Wolfe’s book taught us that all that is under us is not only extraordinary but necessary to understand life on our planet and, therefore, could be one of the ways to know how to face the climate crisis we live in. We do not know yet how life started on planet Earth, and one of the theories gaining ground is that life begins not in water but deep in the soil. Hence, maybe drawing our attention to that depth can make us reconnect to the principles of life and get the knowledge to stop harming the place where we are.
All the processes that happen underground have a lot to teach us. Down there, it is possible to find organisms that seem not to follow the norms that we think apply to all living beings. The most popular example of this is the networks that plants and fungi create. Wolfe explains that “in some ecosystems the sharing of resources through such networks is so great that the plant communities function as a unified ‘guild’ and the distinction between individual plants becomes blurred” (103).
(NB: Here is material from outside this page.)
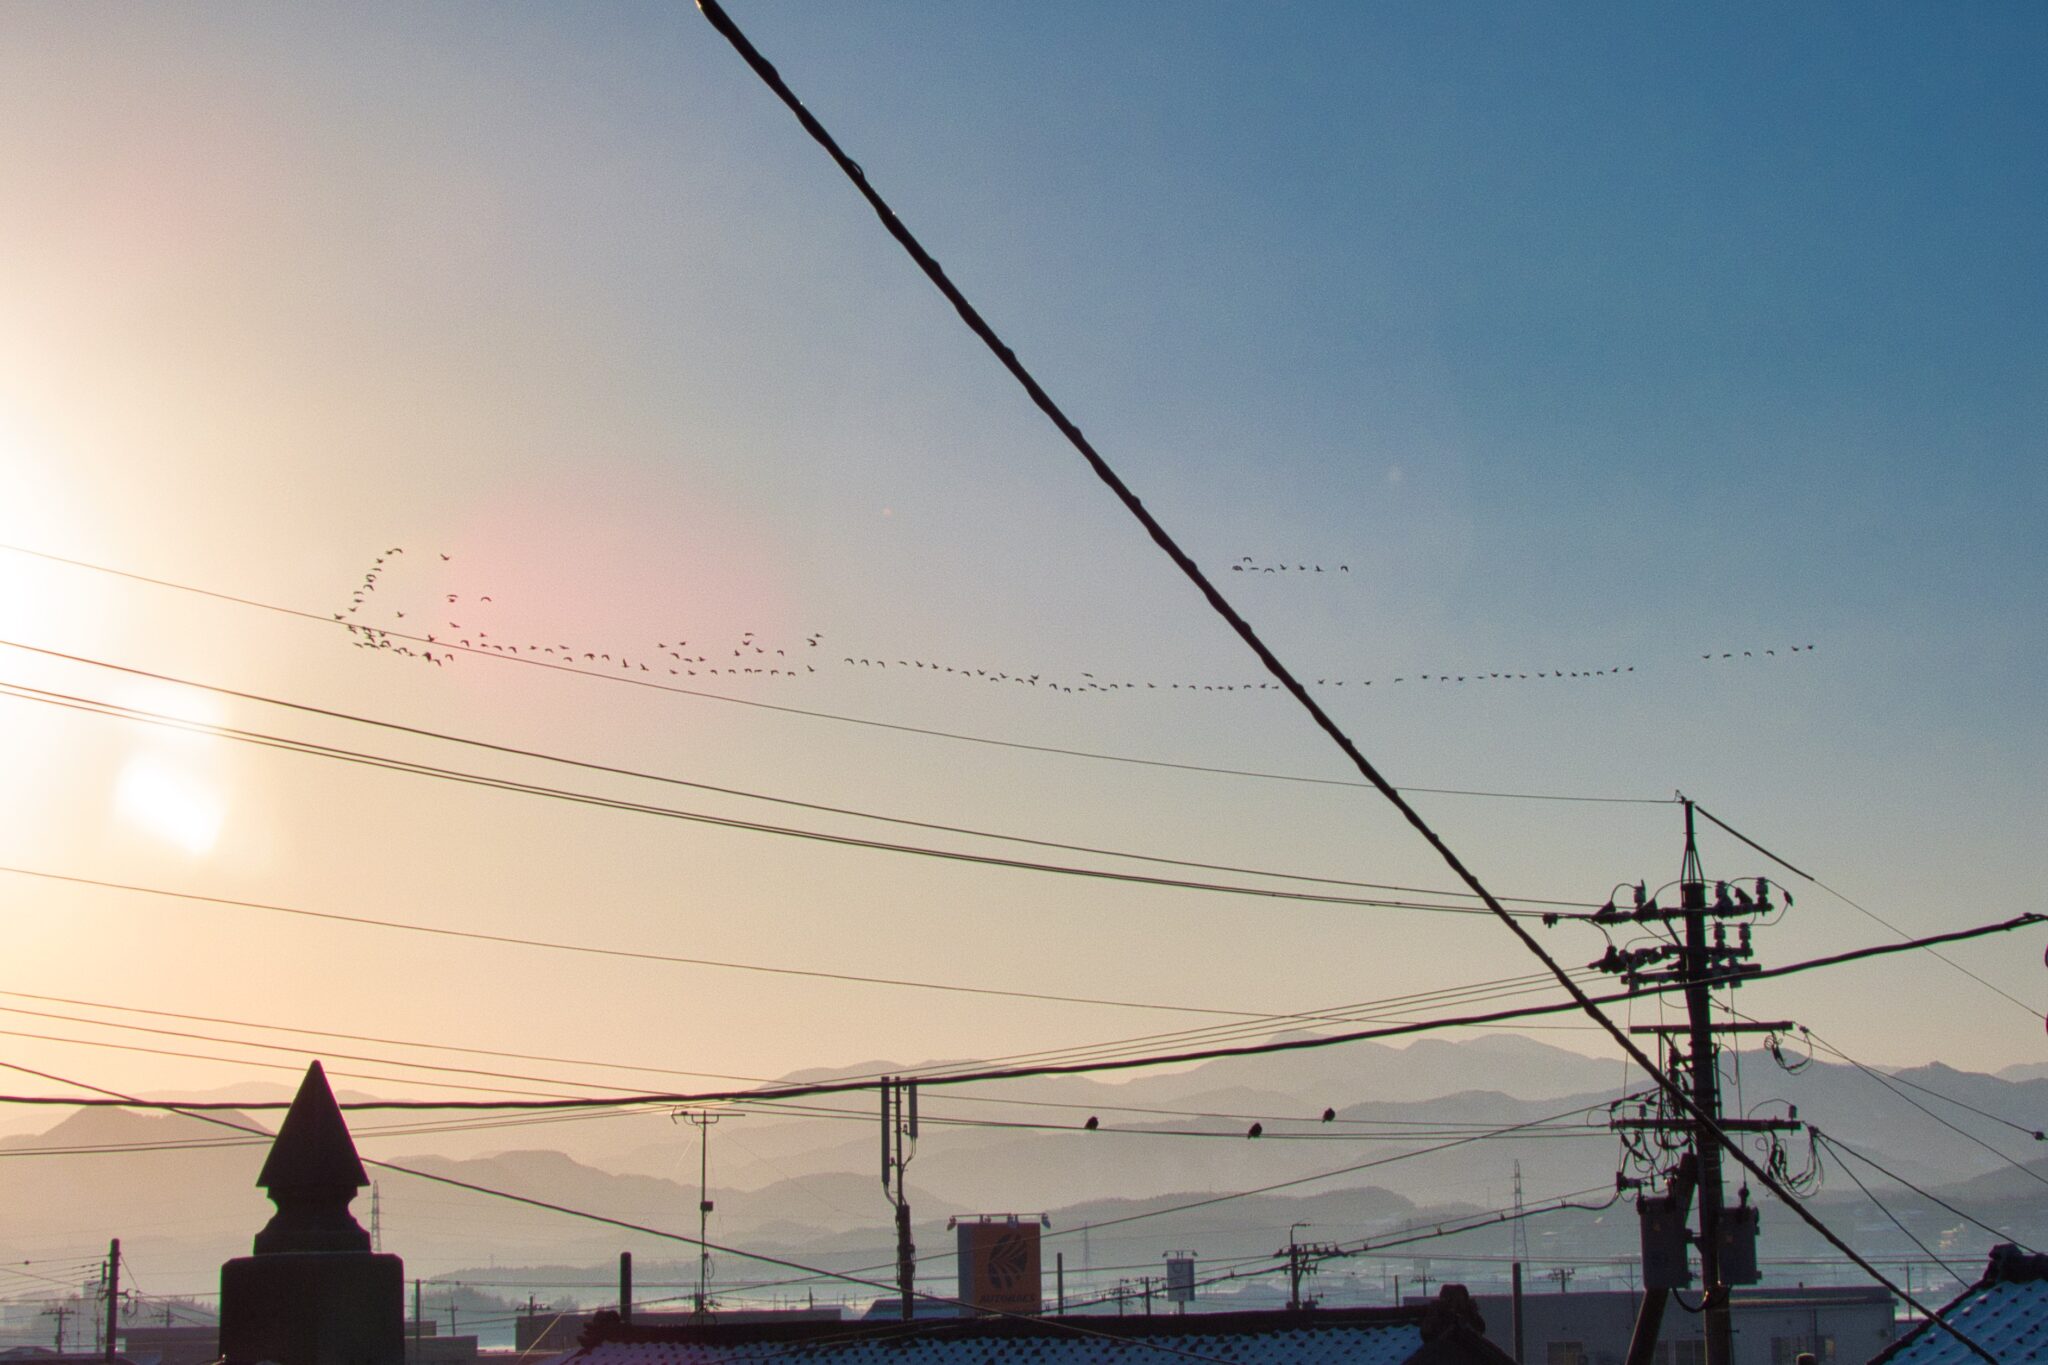 早朝の渡鳥の大群の風景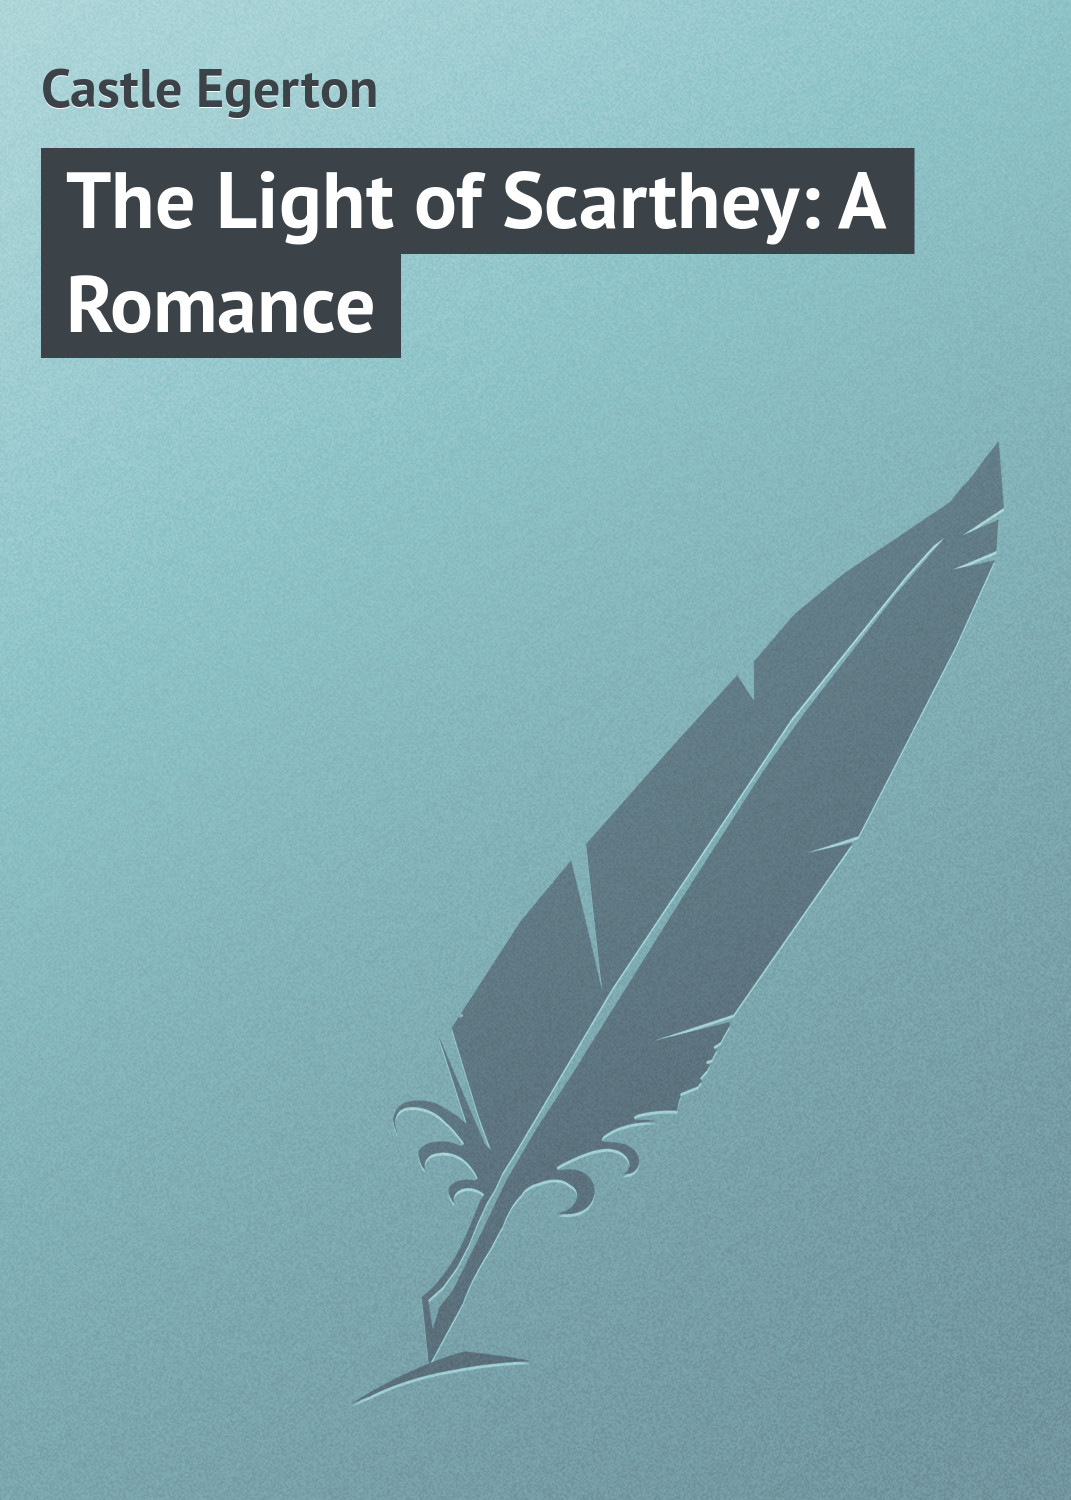 Книга The Light of Scarthey: A Romance из серии , созданная Egerton Castle, может относится к жанру Иностранные языки, Зарубежная классика, Зарубежные любовные романы. Стоимость электронной книги The Light of Scarthey: A Romance с идентификатором 23151787 составляет 5.99 руб.

The world underground enables the possibility of conceiving different forms of individuals, which means other forms of understanding life. If the communication and connection among different individuals and species allow the limits to blur, we realize that all the organisms on the planet are part of the same stream of life, so all of us should care for each other to survive.
Wolfe’s book not only describes what happens under our feet, it also exposes us to a new way to be in the world when we understand the planet is not something apart from us. We are the planet; we are also the place where life lives. Therefore, we must care for the planet as we care for ourselves.